## Exercise instructions:
Everything in the listing that follows should be reproduced exactly except the pictures.

## Dataset section:

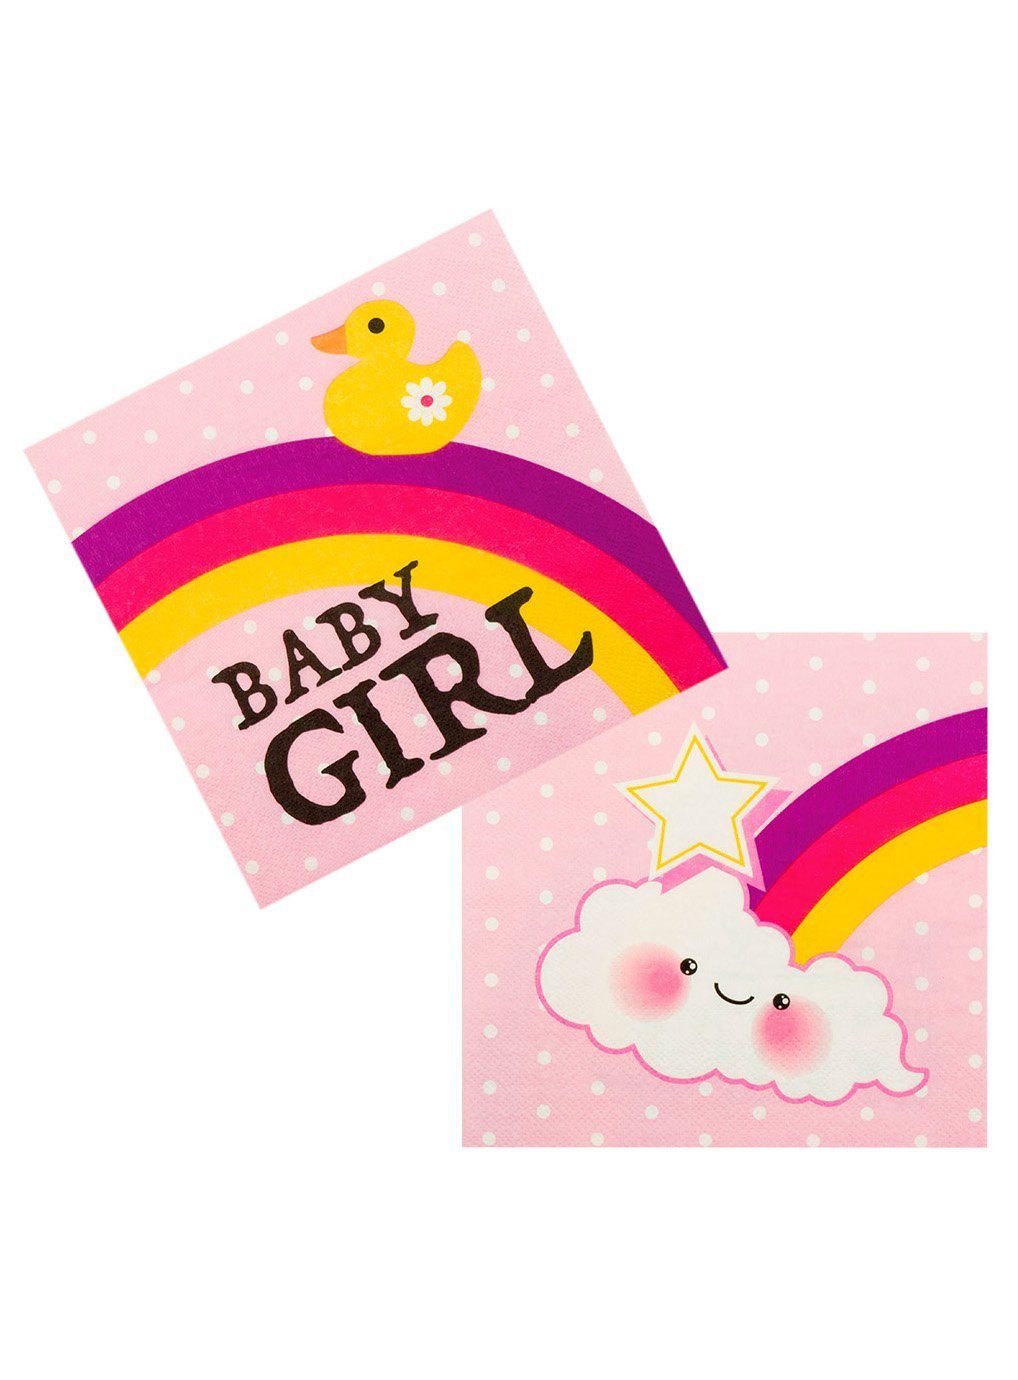 Girl Baby oder Geburt, Einweggeschirr-Set Papier, Partygeschirr für Pullerparty! Boland Servietten, Babygeburtstag 12
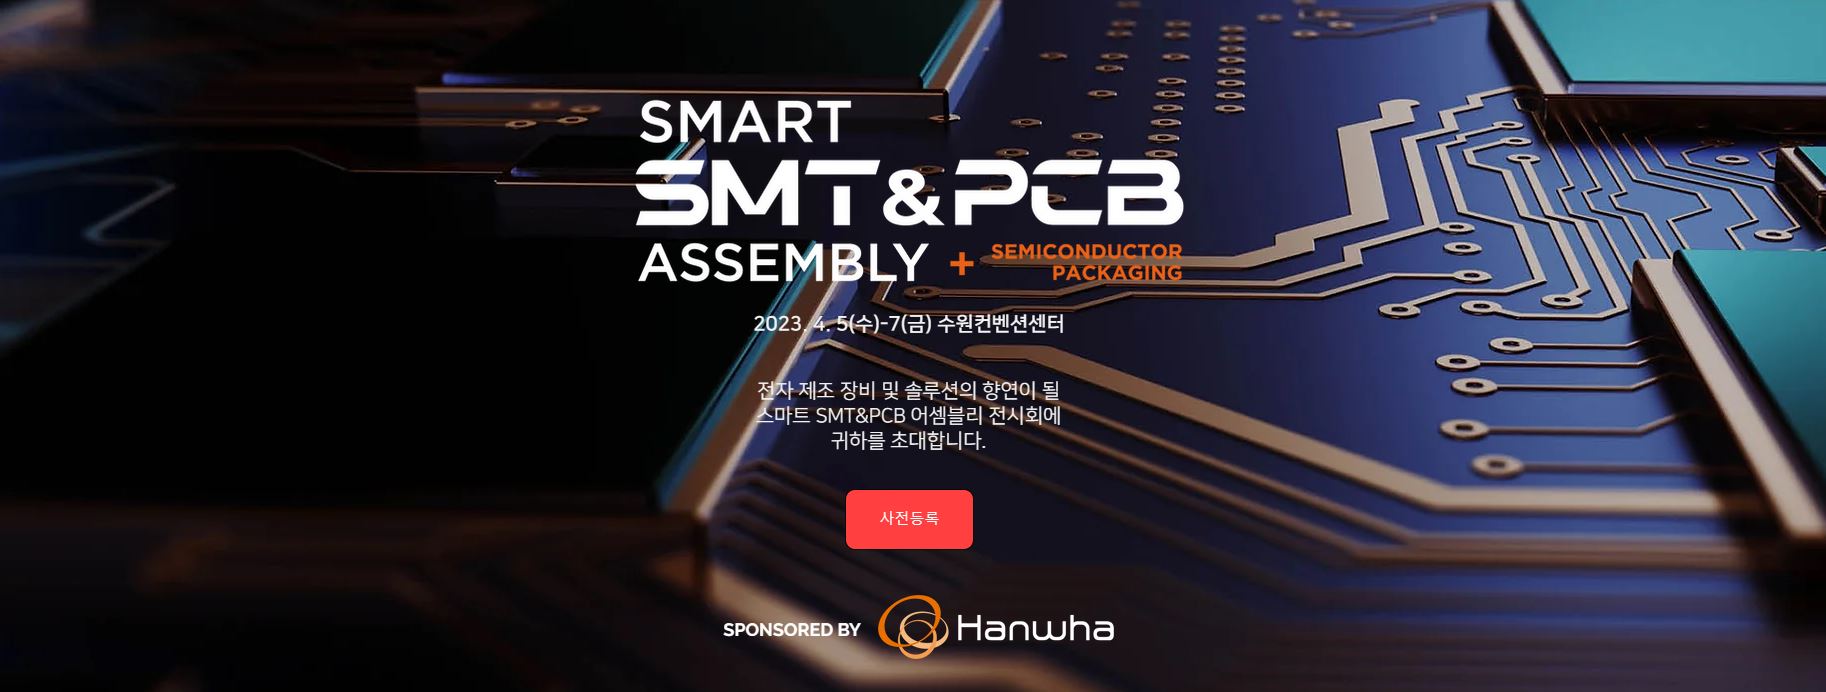 파멕스, 2023년 4월 5일 ~ 4월 7일 SMART SMT & PCB ASSEMBLY 전시회 참가
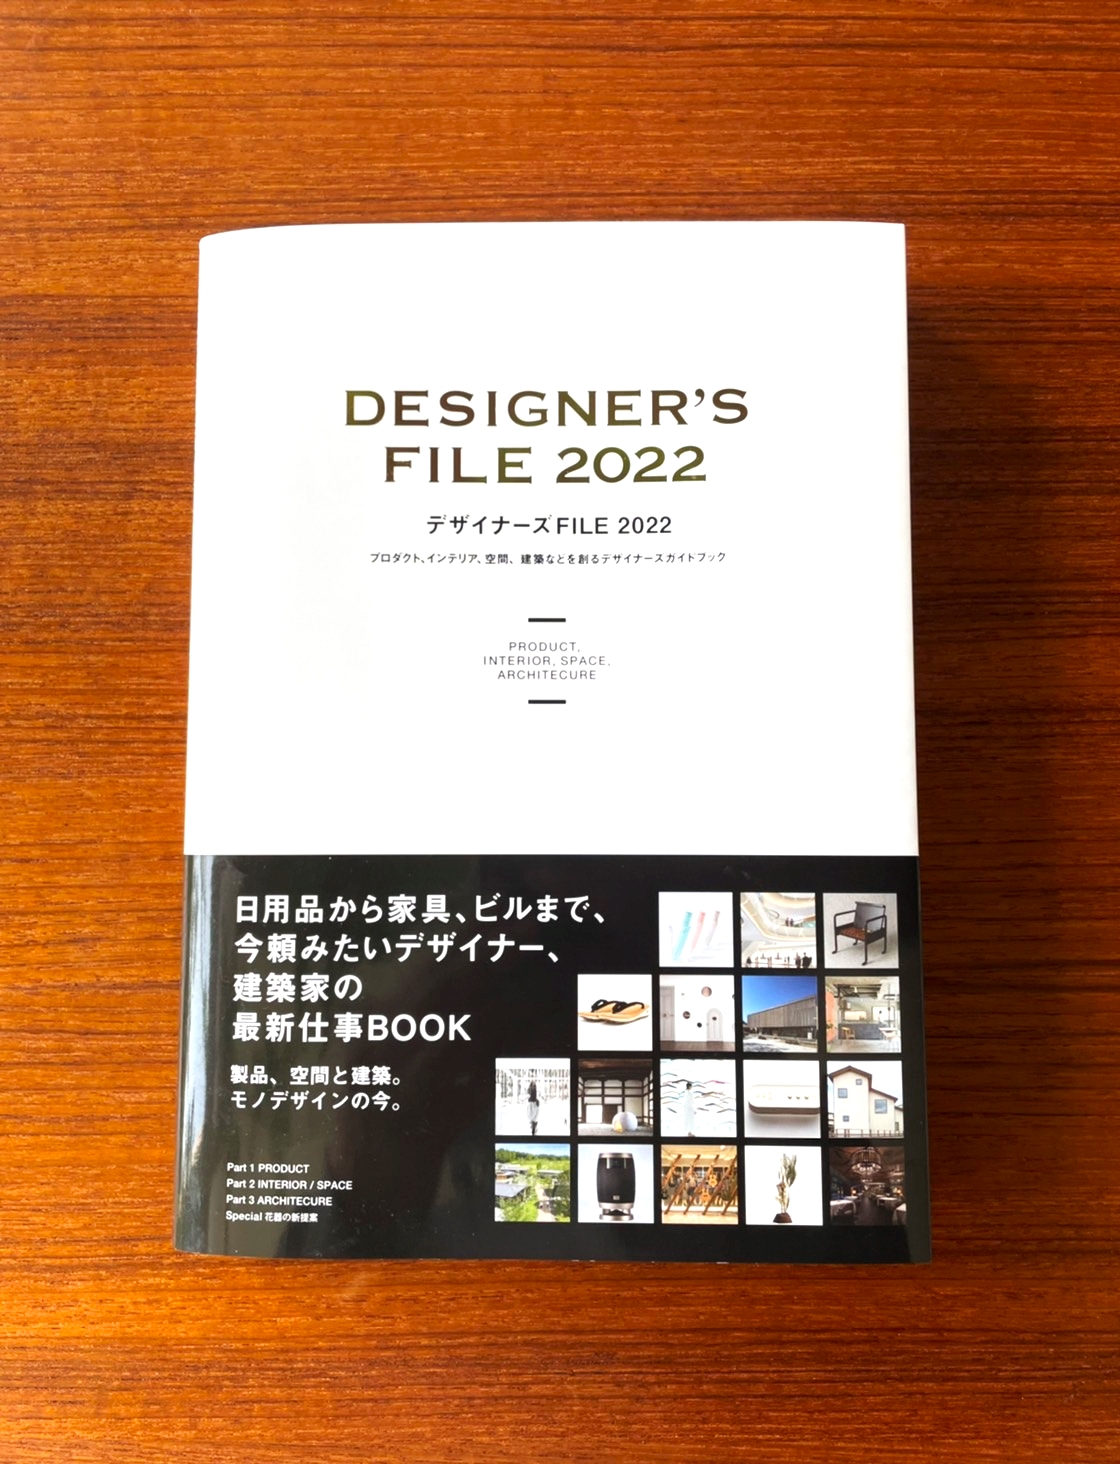 デザイン専門誌『デザイナーズFILE2022』に掲載されました。

## Response for this exercise:
 Girl Baby oder Geburt, Einweggeschirr-Set Papier, Partygeschirr für Pullerparty! Boland Servietten, Babygeburtstag 12
 파멕스, 2023년 4월 5일 ~ 4월 7일 SMART SMT & PCB ASSEMBLY 전시회 참가
 デザイン専門誌『デザイナーズFILE2022』に掲載されました。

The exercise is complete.